# Alcan Highway



## scott_rn (Sep 11, 2007)

This post is a little late, mostly because it took me a few weeks to get the internet hooked up once I got up to Alaska.

My brother-in-law and I started out August 22 doing the drive up the Alcan highway. 3,000 miles over four days and had four days for him to see as much of Alaska as he could.
Had to put a cheesy sign on the back of the traveling circus.









Canadian Rockies









Our campsite on the side of the highway in the Canadian Rockies:









The other side of our campsite on the side of the highway in the Canadian Rockies:









Some wildlife:









A reminder to drive safely - no one was there when we arrived at the scene. The airbags were deployed and the front of the van was destroyed.
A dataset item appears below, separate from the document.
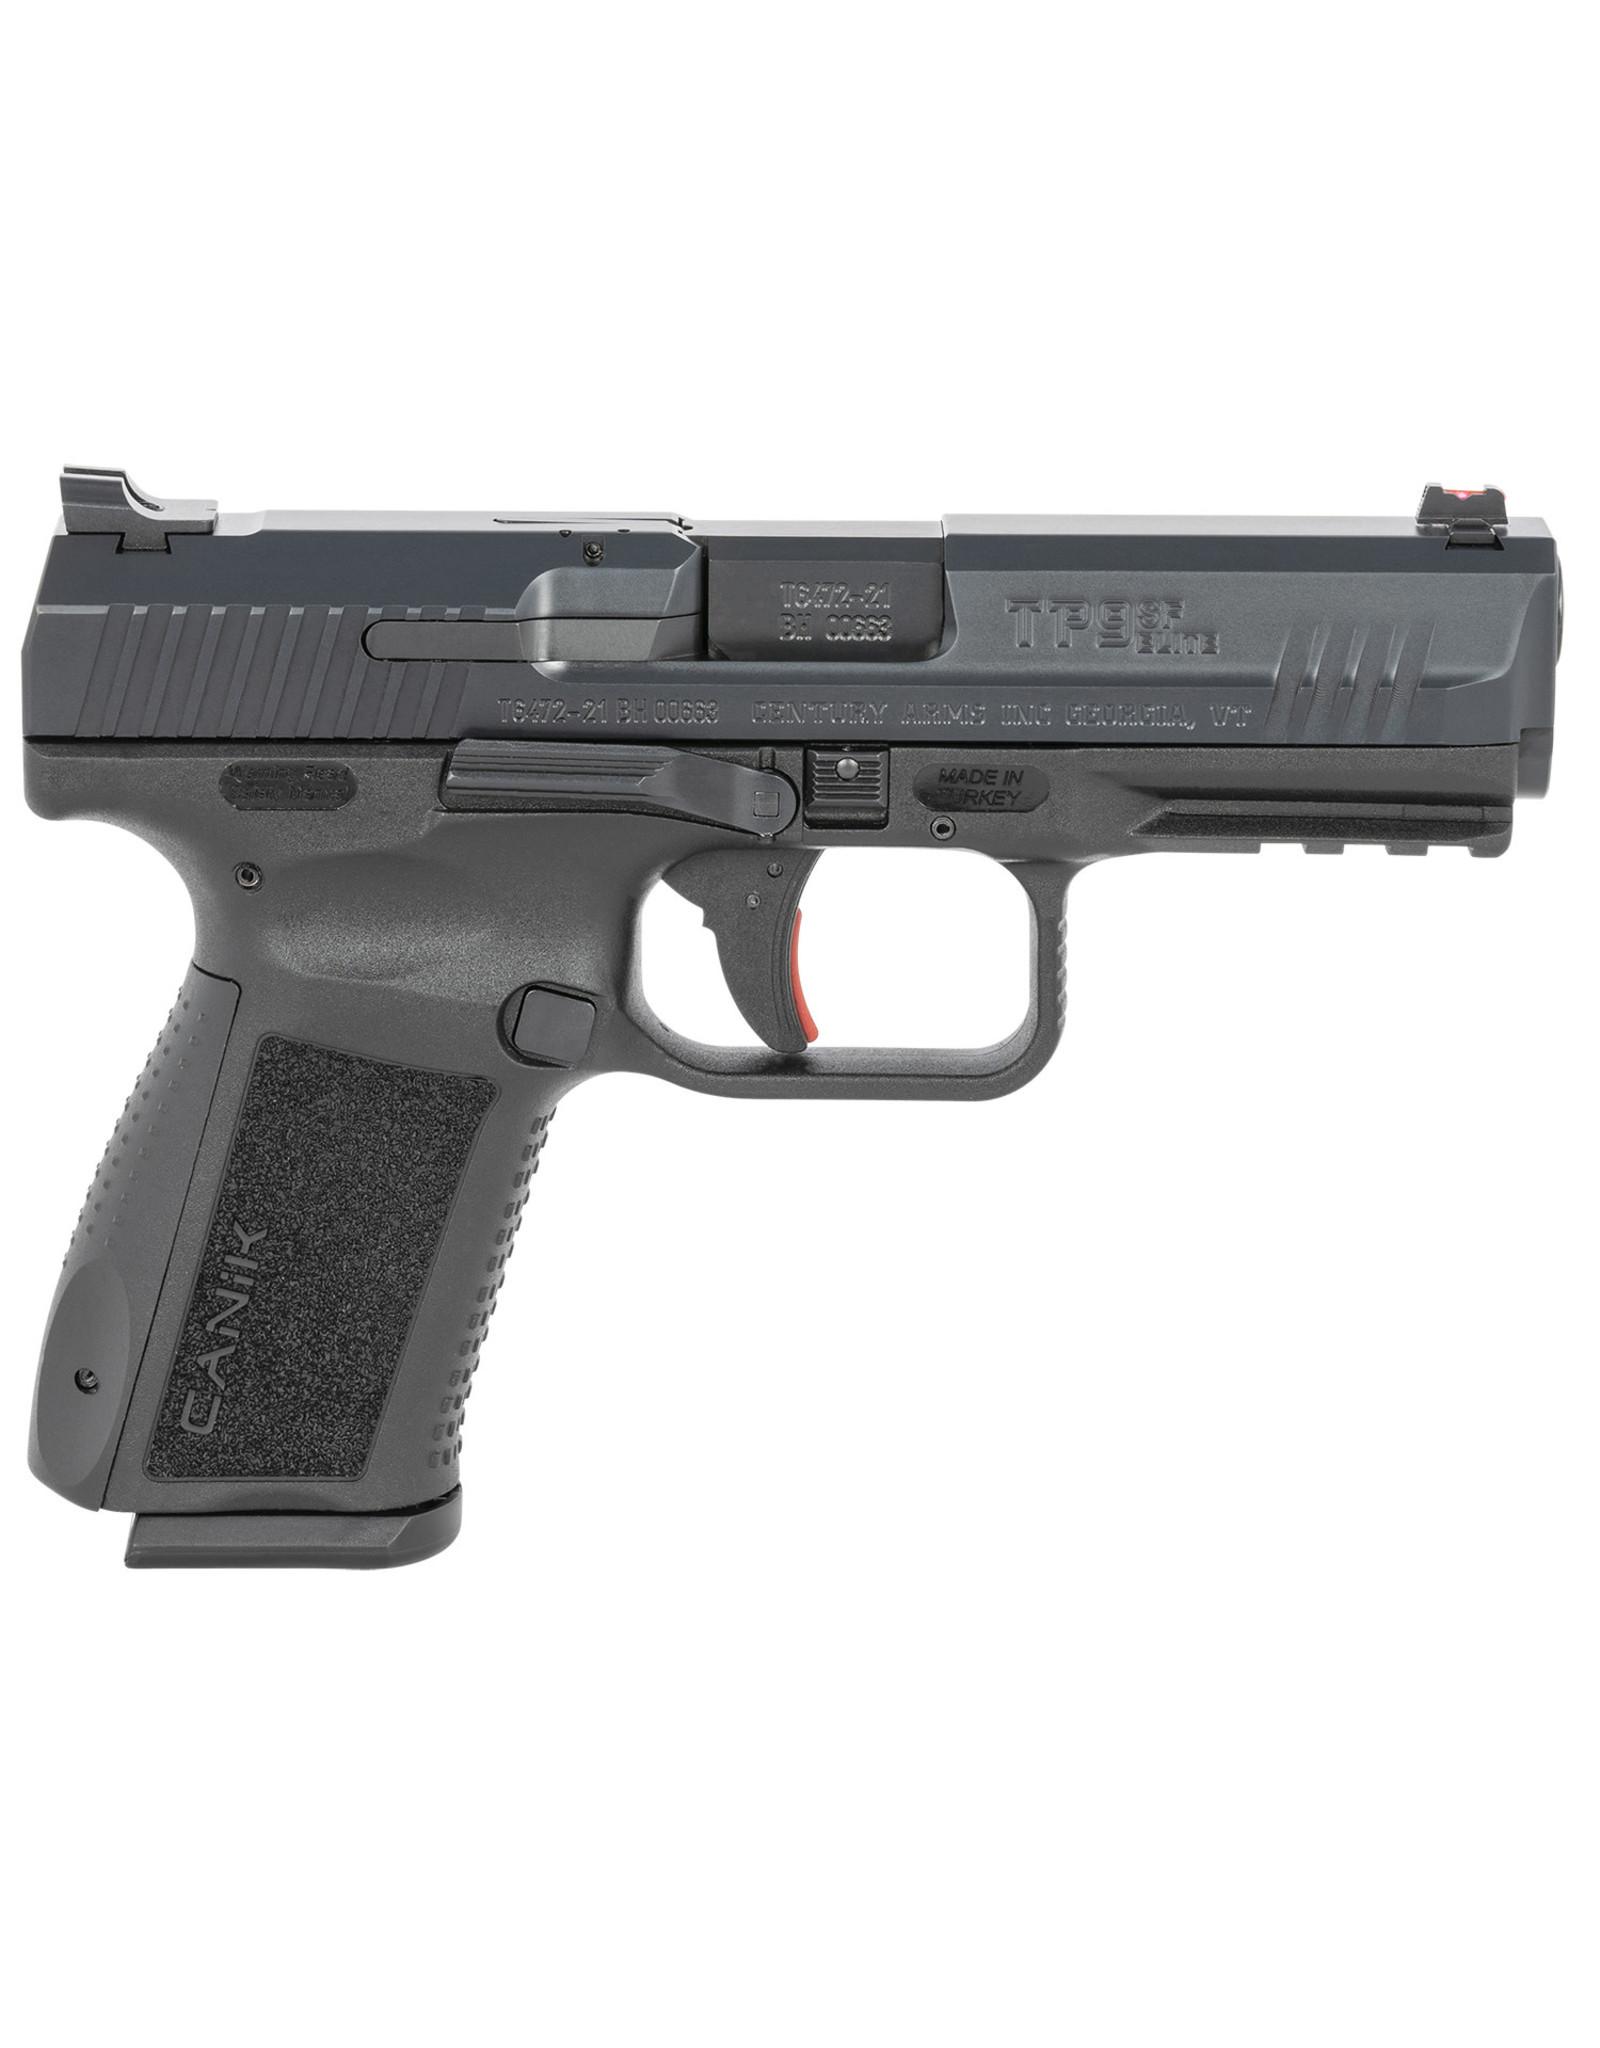 "Canki TP9SF Elite 9mm 4.19"" 10+1 Round"

Hopefully they made it out of there in good shape.









Strange Canadians:









Are we back in the US yet?









Once there, we fished:









and fished









What kind of idiot hikes four miles in wading boots with no waders? This idiot.
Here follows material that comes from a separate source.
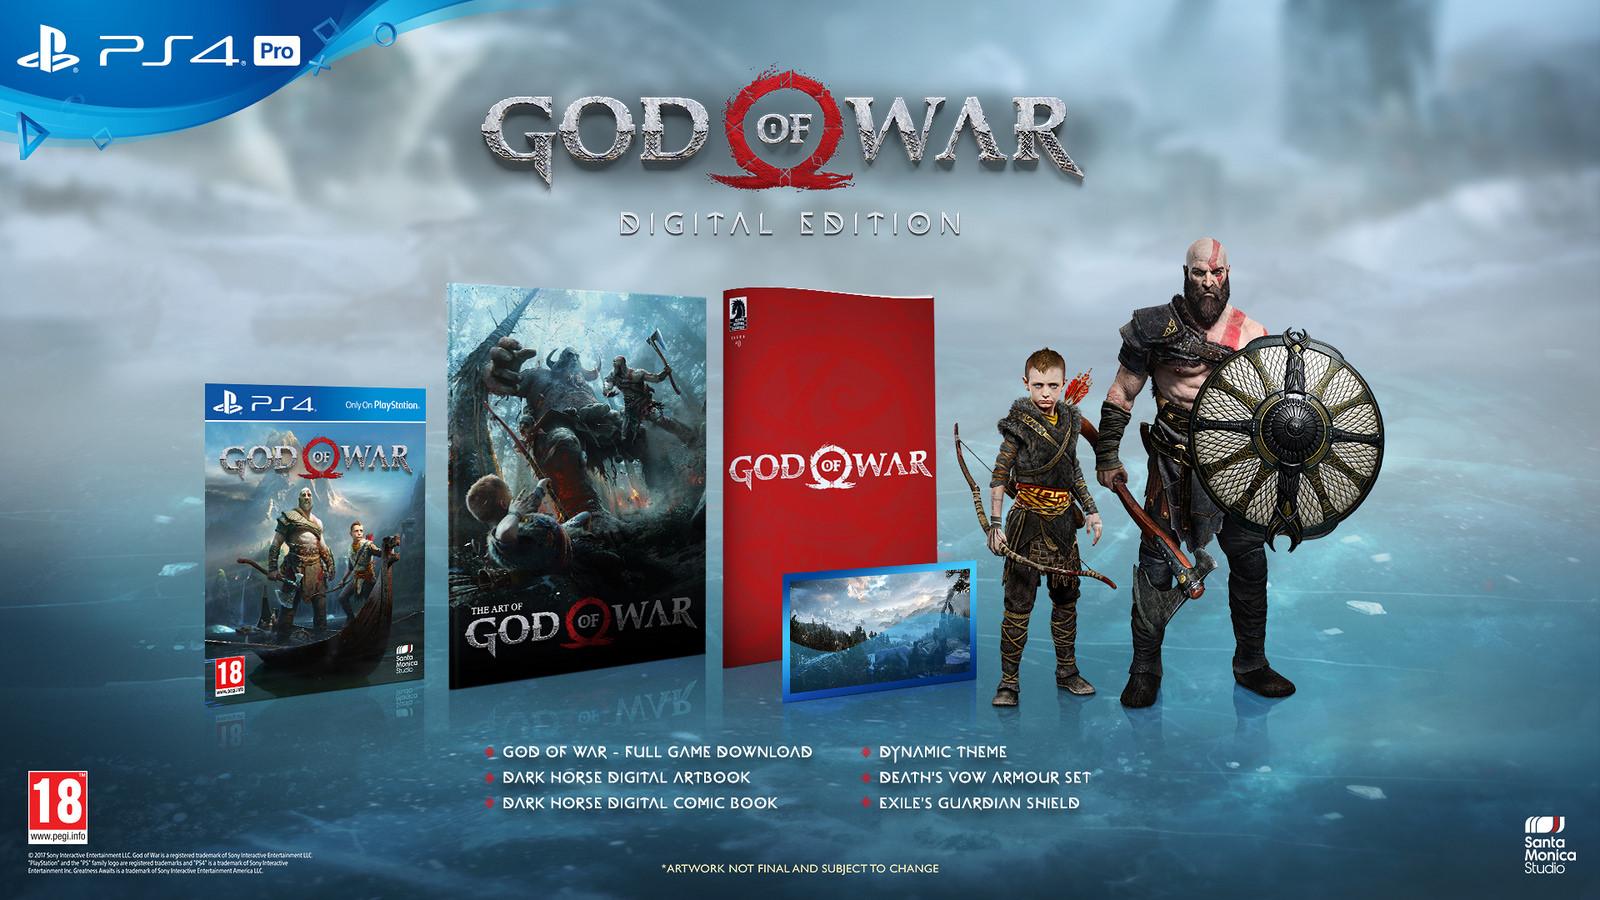 GodofWar PS4 Div 042

I also waded wet in a glacier fed lake so that my brother-in-law could use my waders. Needless to say my feet got a little numb.

We got into some Alaskan grouse:









Hiked up to a glacier:









My brother-in-law got a little glimpse of Denali from over 200 miles away before he jumped on a plane to head back to Utah.









I've only lived in Alaska for about two and a half weeks - so far so good.


----------



## Huntoholic (Sep 17, 2008)

Glad you made safely. Looks like a trip that will not soon be forgotten. Thanks for the picture report.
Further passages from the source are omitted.